**Exercise prompt**
Wherever "Pair" turns up in a line of the entries below, that line counts. Say how many such lines there are, with no other words.

**Records provided**
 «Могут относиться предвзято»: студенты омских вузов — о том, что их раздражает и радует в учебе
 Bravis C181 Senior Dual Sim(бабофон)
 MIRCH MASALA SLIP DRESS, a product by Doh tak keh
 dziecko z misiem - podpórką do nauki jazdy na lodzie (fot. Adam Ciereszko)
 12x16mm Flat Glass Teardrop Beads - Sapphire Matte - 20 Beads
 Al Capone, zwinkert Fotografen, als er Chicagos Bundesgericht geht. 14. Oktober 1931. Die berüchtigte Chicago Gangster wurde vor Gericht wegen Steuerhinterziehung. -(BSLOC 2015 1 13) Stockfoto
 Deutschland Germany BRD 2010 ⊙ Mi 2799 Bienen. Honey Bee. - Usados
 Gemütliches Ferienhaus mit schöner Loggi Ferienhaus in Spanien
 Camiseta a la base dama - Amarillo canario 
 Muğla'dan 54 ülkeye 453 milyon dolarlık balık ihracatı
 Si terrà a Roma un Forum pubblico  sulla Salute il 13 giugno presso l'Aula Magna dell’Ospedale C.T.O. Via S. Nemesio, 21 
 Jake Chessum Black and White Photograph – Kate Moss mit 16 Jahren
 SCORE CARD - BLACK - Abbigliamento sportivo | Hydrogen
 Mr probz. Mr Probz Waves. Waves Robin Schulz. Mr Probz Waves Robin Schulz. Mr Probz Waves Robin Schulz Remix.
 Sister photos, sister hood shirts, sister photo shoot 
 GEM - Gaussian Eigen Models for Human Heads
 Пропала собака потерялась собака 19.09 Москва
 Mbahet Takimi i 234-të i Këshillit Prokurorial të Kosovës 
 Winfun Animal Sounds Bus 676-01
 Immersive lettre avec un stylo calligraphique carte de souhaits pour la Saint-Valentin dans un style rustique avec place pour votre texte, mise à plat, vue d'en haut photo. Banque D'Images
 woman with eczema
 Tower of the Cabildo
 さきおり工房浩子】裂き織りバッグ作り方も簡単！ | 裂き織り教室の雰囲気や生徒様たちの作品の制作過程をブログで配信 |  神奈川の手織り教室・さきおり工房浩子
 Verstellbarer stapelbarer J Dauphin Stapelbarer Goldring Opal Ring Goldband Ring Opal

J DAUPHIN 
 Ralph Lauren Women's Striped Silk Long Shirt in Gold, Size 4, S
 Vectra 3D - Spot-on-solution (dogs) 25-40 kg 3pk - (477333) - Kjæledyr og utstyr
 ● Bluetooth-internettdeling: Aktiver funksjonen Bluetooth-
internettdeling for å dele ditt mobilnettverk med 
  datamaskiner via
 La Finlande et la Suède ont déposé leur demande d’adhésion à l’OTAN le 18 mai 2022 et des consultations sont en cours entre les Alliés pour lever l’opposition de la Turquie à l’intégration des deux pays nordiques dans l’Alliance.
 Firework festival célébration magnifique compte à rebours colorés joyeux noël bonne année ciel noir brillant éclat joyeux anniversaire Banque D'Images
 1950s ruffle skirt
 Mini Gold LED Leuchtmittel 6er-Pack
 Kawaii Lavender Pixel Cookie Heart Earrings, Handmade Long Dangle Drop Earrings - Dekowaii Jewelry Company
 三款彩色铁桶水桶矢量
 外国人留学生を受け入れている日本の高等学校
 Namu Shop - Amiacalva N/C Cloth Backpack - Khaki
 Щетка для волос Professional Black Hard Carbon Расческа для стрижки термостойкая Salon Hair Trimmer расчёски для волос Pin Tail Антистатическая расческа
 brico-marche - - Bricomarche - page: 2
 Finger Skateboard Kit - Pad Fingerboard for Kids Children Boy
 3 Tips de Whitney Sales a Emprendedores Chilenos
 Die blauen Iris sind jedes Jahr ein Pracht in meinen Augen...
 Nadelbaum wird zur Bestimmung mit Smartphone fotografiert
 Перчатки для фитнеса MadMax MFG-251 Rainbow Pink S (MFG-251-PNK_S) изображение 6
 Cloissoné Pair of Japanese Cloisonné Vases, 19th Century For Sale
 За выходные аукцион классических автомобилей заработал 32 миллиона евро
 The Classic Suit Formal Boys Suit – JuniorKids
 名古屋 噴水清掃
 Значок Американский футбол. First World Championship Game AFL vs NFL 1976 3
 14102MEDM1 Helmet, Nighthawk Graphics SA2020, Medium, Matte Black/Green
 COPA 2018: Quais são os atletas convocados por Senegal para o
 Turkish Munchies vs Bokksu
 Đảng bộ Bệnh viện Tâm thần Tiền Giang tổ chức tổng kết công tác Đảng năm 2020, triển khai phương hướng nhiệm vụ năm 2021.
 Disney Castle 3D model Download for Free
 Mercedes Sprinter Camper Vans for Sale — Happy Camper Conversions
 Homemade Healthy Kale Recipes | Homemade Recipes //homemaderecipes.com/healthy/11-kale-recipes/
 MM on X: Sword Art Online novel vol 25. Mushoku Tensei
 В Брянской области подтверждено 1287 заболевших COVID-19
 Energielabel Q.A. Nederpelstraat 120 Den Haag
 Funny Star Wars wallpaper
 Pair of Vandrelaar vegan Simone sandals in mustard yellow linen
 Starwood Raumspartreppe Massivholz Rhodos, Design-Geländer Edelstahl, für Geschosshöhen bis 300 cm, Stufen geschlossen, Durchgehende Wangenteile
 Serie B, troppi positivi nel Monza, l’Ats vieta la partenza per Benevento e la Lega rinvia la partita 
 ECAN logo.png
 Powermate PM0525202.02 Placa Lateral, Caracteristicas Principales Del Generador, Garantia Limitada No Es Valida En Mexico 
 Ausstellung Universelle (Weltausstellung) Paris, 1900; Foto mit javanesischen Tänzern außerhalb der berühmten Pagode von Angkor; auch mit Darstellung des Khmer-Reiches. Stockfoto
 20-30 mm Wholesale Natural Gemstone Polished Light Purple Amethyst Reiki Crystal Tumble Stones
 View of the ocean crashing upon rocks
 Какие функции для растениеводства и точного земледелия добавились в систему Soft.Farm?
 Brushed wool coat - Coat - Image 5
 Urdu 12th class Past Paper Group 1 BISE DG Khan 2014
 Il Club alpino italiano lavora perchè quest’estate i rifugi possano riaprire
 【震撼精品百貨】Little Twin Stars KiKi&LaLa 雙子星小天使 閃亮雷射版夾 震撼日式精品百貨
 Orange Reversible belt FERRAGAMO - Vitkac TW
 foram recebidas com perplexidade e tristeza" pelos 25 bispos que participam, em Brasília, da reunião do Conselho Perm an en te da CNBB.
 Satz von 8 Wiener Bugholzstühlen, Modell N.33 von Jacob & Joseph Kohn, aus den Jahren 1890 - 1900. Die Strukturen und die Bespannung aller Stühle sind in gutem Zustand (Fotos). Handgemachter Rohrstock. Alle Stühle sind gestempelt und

**Answer box**
2